残酷に言い放つレヒトに、シュトロはしばらく言葉を返せなかった。苦難の日々の中でも、少なくとも自分が流した汗と、なし遂げた仕事ぐらいは誇っても良いものだと思っていた。
金ももらわず、誰にもほめられず、それでも懸命に従事した労働の成果。立派に大地に立ち、村を守り、害獣をはねのけるカカシの群は、シュトロという人間抜きには存在し得なかったはずだ。ならばこそ、こいつらは俺がつくろって、藁を差し換えて、責任をもって管理しているのだと。胸を張る権利があるはずだと思っていた。
だがそれらの労働があくまで『二十五人目のシュトローマン』のものとされるのならば、シュトロの成果は彼の死後、別の人間にかすめ取られてしまう。
レヒトの話を信じるならば、そういうことだ。同じ名の人間が同じ村で、同じカカシを管理するのだ。国は二十五人目のシュトローマンが何人いたかなど、どの時点で入れ替わったかなど、問題にはしない。

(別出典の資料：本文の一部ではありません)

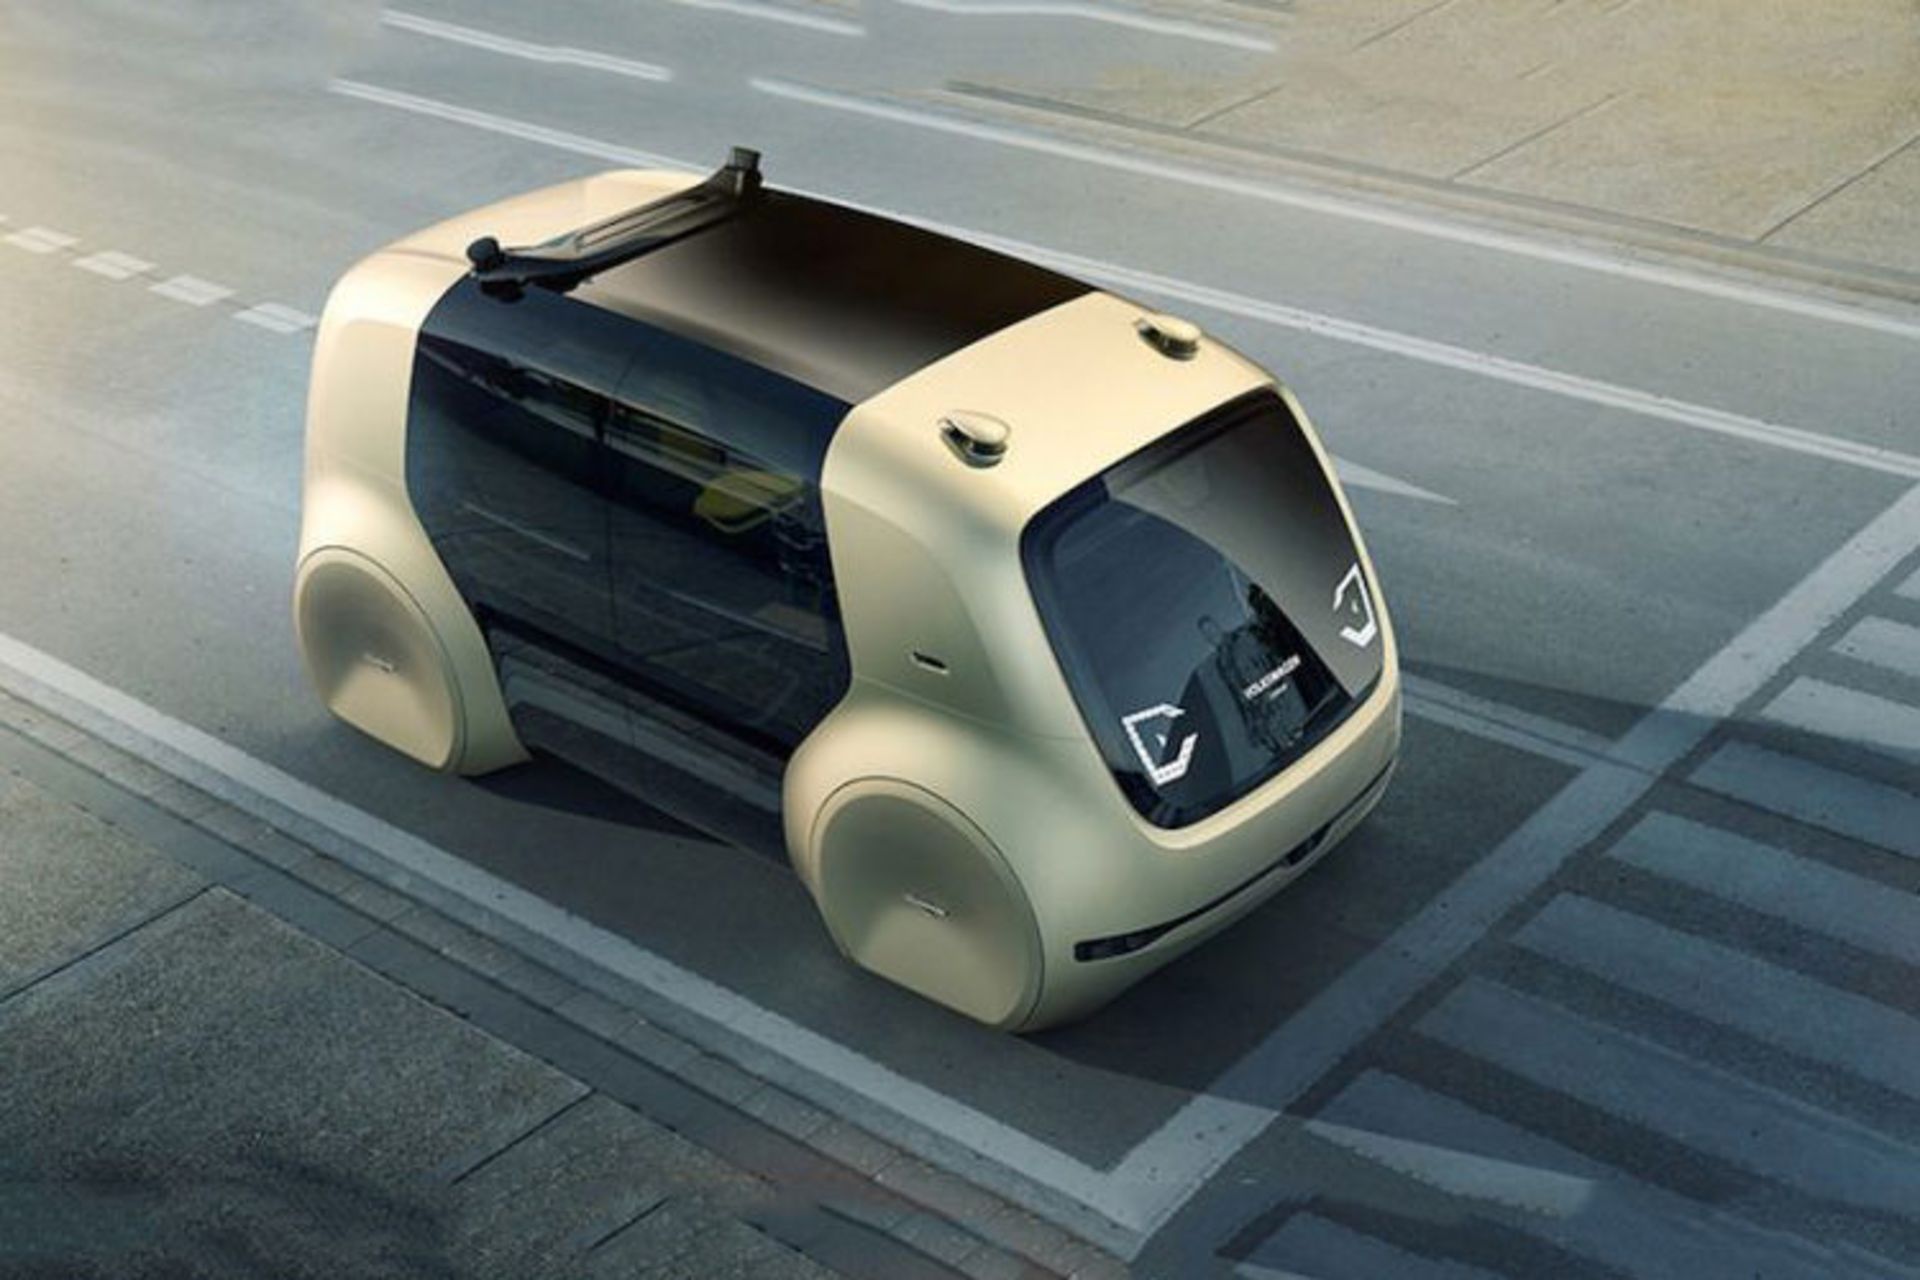 Volkswagen autonomous electric car / فولکس‌واگن خودروی الکتریکی خودران
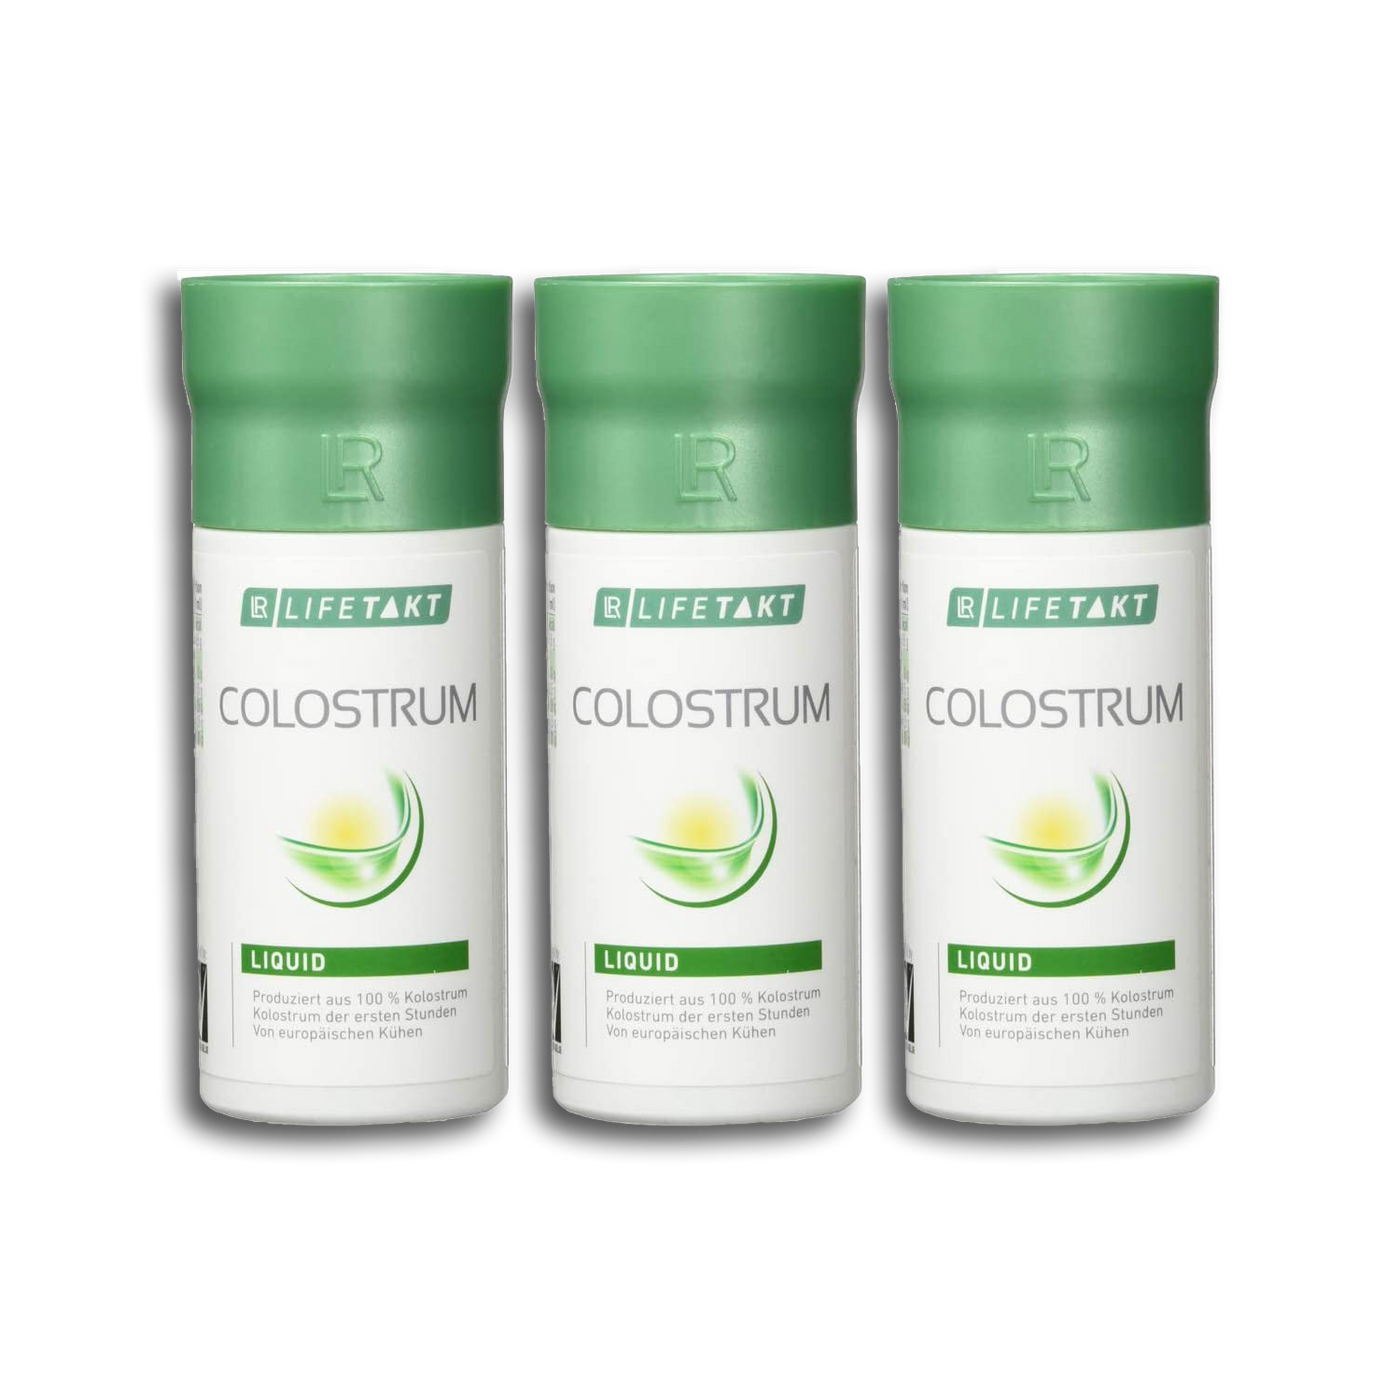 LR LIFETAKT Colostrum Liquid 3x125 ml

二十五人目のシュトローマンという『役目』を負う人間が、現時点で存在しているか。きちんと働いているか。ただ、それだけにしか関心がないのだ。
何も残らない。
うめくシュトロが、やがて表情をゆがめたまま、つぶやくように訊いた。
「シュトローマンがカカシなら――――レヒトは、何だ――?」
あんたは、何に捧げられた人間なんだ?
レヒトは腕を組み、シュトロの目を見つめ……ややあって、鼻をすすりながら、答えた。